ASSIGNMENT — Find "Gros plan d'une" in the material below and restate exactly the line holding it together with every line that comes after.

GIVEN RECORDS —
━━━━━━━━

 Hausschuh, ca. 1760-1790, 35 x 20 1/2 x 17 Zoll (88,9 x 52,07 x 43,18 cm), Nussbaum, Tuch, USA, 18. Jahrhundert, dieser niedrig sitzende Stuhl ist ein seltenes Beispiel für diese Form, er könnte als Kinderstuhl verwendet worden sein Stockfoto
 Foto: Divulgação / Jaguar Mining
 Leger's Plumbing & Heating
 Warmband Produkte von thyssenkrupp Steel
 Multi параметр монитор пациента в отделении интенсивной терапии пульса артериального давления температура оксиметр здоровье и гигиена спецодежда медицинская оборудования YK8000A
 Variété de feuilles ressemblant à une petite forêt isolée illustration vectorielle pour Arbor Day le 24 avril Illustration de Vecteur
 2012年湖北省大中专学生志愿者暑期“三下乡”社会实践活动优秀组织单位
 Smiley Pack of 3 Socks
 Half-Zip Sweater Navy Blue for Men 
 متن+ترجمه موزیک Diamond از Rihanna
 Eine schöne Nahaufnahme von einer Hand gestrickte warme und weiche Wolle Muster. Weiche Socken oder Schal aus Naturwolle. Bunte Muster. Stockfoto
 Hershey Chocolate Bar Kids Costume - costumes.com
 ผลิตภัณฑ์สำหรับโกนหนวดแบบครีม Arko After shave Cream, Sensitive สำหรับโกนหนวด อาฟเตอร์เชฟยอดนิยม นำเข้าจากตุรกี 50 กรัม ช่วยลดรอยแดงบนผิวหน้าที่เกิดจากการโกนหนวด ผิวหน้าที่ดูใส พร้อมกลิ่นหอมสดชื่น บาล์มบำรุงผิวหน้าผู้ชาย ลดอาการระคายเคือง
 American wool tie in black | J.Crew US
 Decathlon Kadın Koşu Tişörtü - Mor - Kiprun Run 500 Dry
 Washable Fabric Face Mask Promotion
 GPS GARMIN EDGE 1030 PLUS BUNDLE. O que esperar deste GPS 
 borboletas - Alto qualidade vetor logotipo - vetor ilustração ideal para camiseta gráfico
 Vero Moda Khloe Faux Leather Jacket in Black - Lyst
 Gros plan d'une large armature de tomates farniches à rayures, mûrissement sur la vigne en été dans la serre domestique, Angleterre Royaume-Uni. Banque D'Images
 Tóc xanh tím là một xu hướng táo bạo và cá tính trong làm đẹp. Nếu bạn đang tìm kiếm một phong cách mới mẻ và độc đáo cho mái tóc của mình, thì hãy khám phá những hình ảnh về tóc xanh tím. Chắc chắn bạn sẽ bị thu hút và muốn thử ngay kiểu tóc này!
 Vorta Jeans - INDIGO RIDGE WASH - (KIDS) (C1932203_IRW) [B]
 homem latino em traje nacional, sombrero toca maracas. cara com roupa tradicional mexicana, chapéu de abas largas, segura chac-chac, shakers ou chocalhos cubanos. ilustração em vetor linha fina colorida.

━━━━━━━━

EXERCISE ANSWER —
 Gros plan d'une large armature de tomates farniches à rayures, mûrissement sur la vigne en été dans la serre domestique, Angleterre Royaume-Uni. Banque D'Images
 Tóc xanh tím là một xu hướng táo bạo và cá tính trong làm đẹp. Nếu bạn đang tìm kiếm một phong cách mới mẻ và độc đáo cho mái tóc của mình, thì hãy khám phá những hình ảnh về tóc xanh tím. Chắc chắn bạn sẽ bị thu hút và muốn thử ngay kiểu tóc này!
 Vorta Jeans - INDIGO RIDGE WASH - (KIDS) (C1932203_IRW) [B]
 homem latino em traje nacional, sombrero toca maracas. cara com roupa tradicional mexicana, chapéu de abas largas, segura chac-chac, shakers ou chocalhos cubanos. ilustração em vetor linha fina colorida.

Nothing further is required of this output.